Chapter 4 analyzes panoramic maps printed by the Mongolian lama Lhundrub at the Cifu Temple in Mount Wutai and painted in a mural at Badgar Choiling Süme in Lhasa. Through a close reading of their cartographical details, iconographical variations, and material efficacies, Chou argues that maps, as visual and material receptacles, actively mediate pilgrims’ experience of Mount Wutai and continually instantiate the sacred site in different ways as they are produced, colored, disseminated, and used. In particular, Chou emphasizes that the printing medium’s mobility and reproducibility reinforce the fluidity and efficacy of revelatory emanations of Mount Wutai. At the same time, Chou suggests that maps can help to retain the specificities of indigenous chorography in the formation of geopolitical worldviews. Map images thus stand for the authenticity of Mount Wutai and perpetuate its sanctity precisely because they mirror and materialize the changing folkloric tales, religious tenets, and lived traditions of the mountain.

In several respects, Chou’s book builds on foundations laid in Patricia Ann Berger’s Empire of Emptiness: Buddhist Art and Political Authority in Qing China (University of Hawai‘i Press, 2003)—questioning the political instrumentality of the Qing court’s engagements with Gelukpa Buddhism, highlighting the efficacy of images and the agency of multilingual texts in connecting Qing rulers and their Inner Asian constituents, and insisting on the Buddhist visuality of Qing rulership. The book also draws from the field of “New Qing History,” which acknowledges the prominence and agency of non-Han groups in the multiethnic, polyreligious Manchu-Qing empire. However, by focusing on sacred geography and by adopting the theoretical framework of translation—and seeing translation as an agentive process of transformation—Chou’s book reveals Qing imperial self-fashioning as an open horizon of identity making (for both place and people). Openness is essential to Chou’s examination of spatiality and temporality, of community and lineage. This further allows Chou to emphasize the fluidity of identity, which she thoroughly demonstrates by utilizing multilingual texts and multimedia objects. Indeed, the ways in which Chou uses sacred geography as a means of deemphasizing the authenticity of origins and practices represent a major breakthrough.

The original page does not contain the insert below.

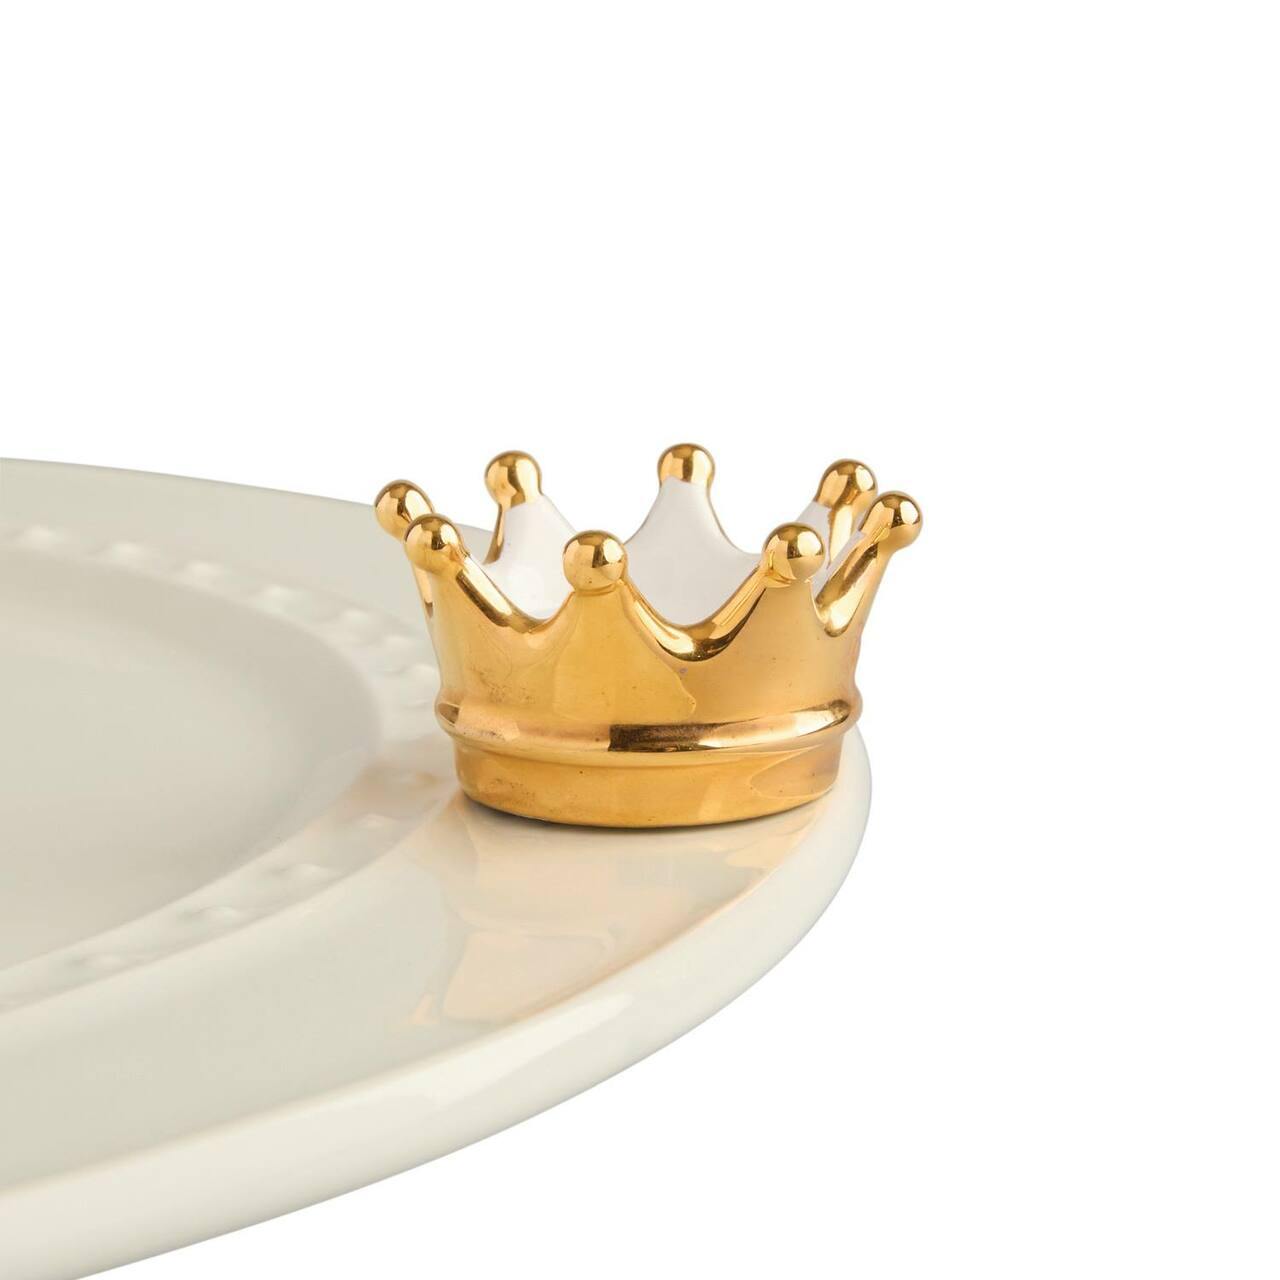 Metallic gold painted crown mini for Nora Fleming dishes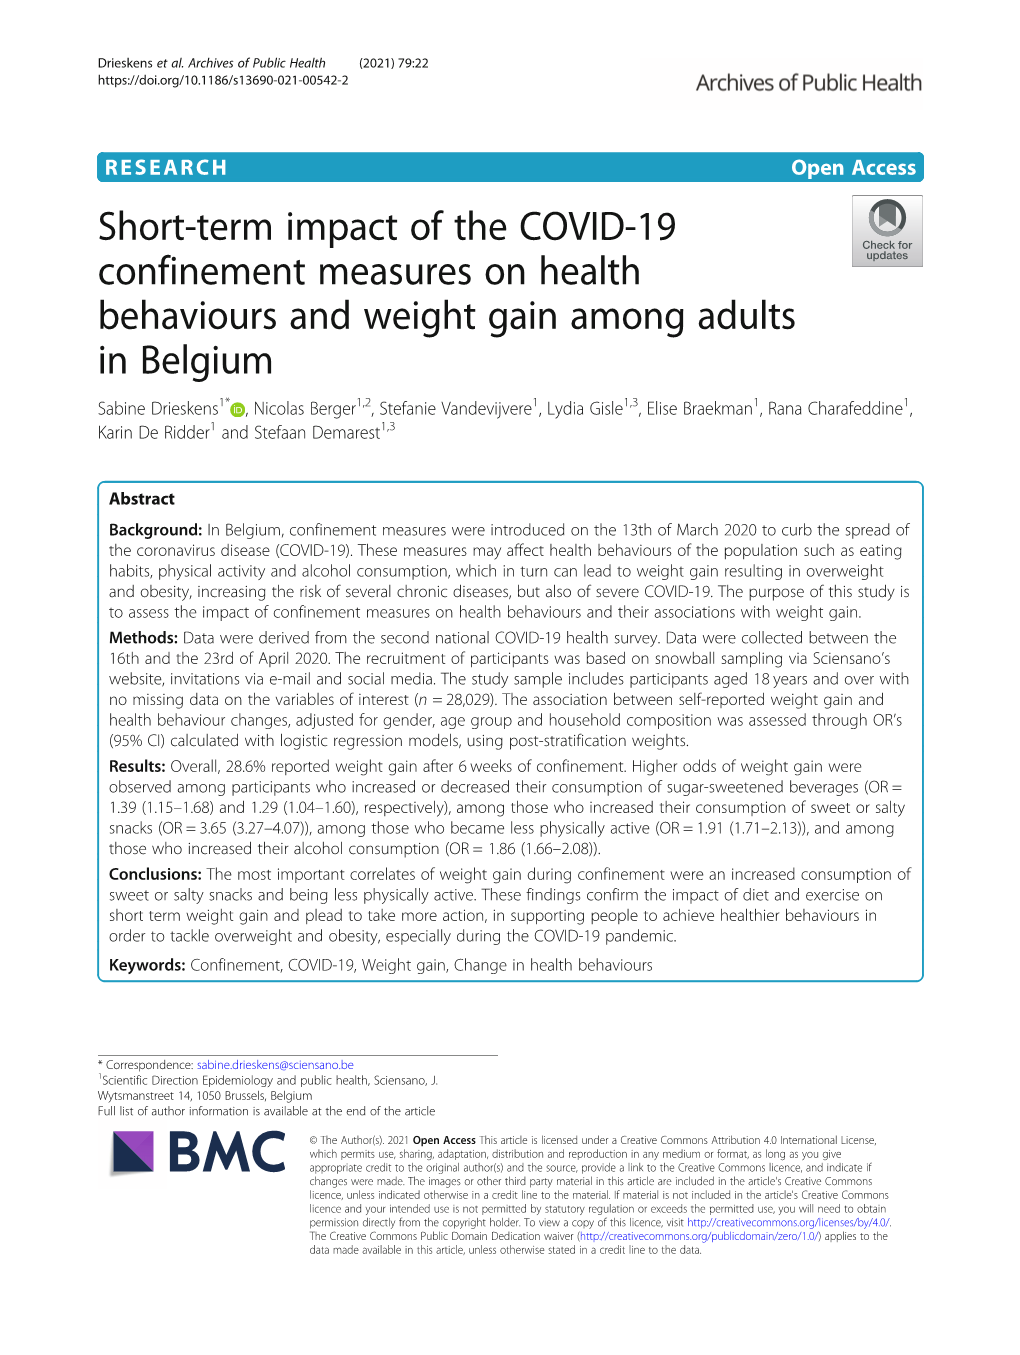 Short-Term Impact of the COVID-19 Confinement Measures on Health

Chou shows that capturing the sacred site’s transforming ontologies, epistemologies, and historiographies reveals the very religious tenets of Gelukpa Buddhism that reshaped Mount Wutai.

Nevertheless, Chou’s conspicuous effort to redress the cultural centrality of the Han population of the vast Qing empire tends, at times, to eclipse a total view of Qianlong’s practices of universal rule. For instance, Chou considers the use of Qianlong’s sketch from Mount Wutai in replicating Shuxiang Monastery in Beijing as a rare act unique to his investments in Mount Wutai and Gelukpa Buddhism. In fact, Qianlong did the same when he visited temples in southern China, where he sketched cliff carvings and ordered painters to document local sites so that they could be replicated in the capital. The years during which he copied Mount Wutai in Beijing and Chengde (1750–74) corresponded to his six Southern Tours (1751–84), which resulted in copies of sites such as the Lion Grove Garden, a Chan Buddhist establishment in Suzhou, in both Beijing and Chengde. While it is impossible to fully address Qianlong’s relentless involvement in fashioning an all-encompassing regime, a more “open” approach to his Mount Wutai project might also situate it within his totalizing but personal approach to collecting and replicating.

That said, by decentering the cult of Mount Wutai as a Chinese tradition, Chou’s study well highlights the institutionalization of Manchu Gelukpa Buddhism in the imperial court. The book deepens the study of Buddhist subjects in the art historical field in general, and in understandings of Qing Buddhist institutions in particular. Chou’s book also crosses boundaries to include scholarship on South and Southeast Asian Studies, marking it as a reliable reference for the study of transcultural Buddhism.